← back to dispatches
Professional

Building a Transit Data Pipeline

2 min read en
SEC 1 / 4

When a Quebec transit operator needed real-time visibility into their operations, they had data — lots of it. GTFS-RT feeds streaming vehicle positions, trip updates, and service alerts every 15 seconds. What they didn't have was a way to turn that firehose into decisions.

The Architecture

The pipeline follows an ELT pattern:

  1. Extract: Python scripts poll GTFS-RT protobuf feeds every 15 seconds
  2. Load: Raw data lands in a PostgreSQL staging schema
  3. Transform: dbt models clean, deduplicate, and aggregate into analytics-ready tables

Key Decisions

Why PostgreSQL over a data warehouse?

The data volume (< 50GB/month) didn't justify Snowflake or BigQuery costs. PostgreSQL with proper indexing handles the analytical queries under 2 seconds. Sometimes the boring choice is the right choice.

Why ELT over ETL?

Loading raw data first means we never lose fidelity. When the PM asked "can we also track schedule adherence?" three months in, the raw data was already there. We just added a dbt model.

Why dbt?

Version-controlled transformations. Every business rule is a SQL file with tests. When the on-time definition changed from "within 5 minutes" to "within 3 minutes," it was a one-line diff.

The Dashboard

Power BI connects directly to the analytics schema.

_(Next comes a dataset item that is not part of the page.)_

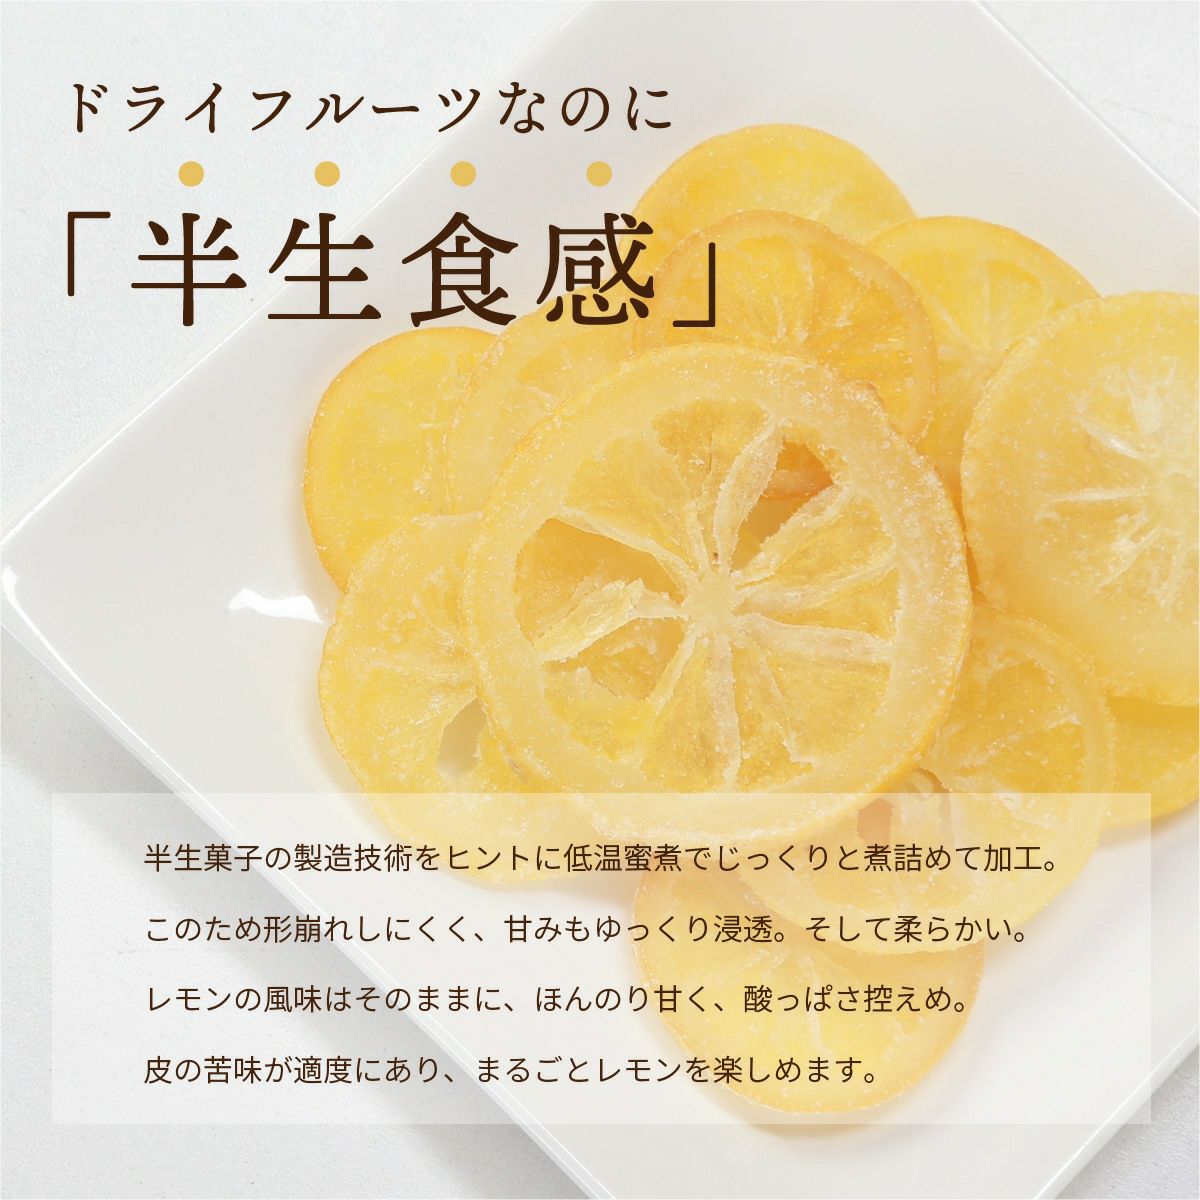 ドライフルーツ 国産 輪切り レモン 200g 特長3

KPIs include:

  • On-time performance by route and time period
  • Fleet utilization rates
  • Service alert response times

The operator went from weekly Excel reports to real-time dashboards in 6 weeks.

What I'd Do Differently

  • Use Apache Airflow from day one instead of cron. The monitoring alone is worth it.
  • Add data quality checks earlier in the pipeline. Bad upstream data cascaded into confusing dashboard numbers for two days before we caught it.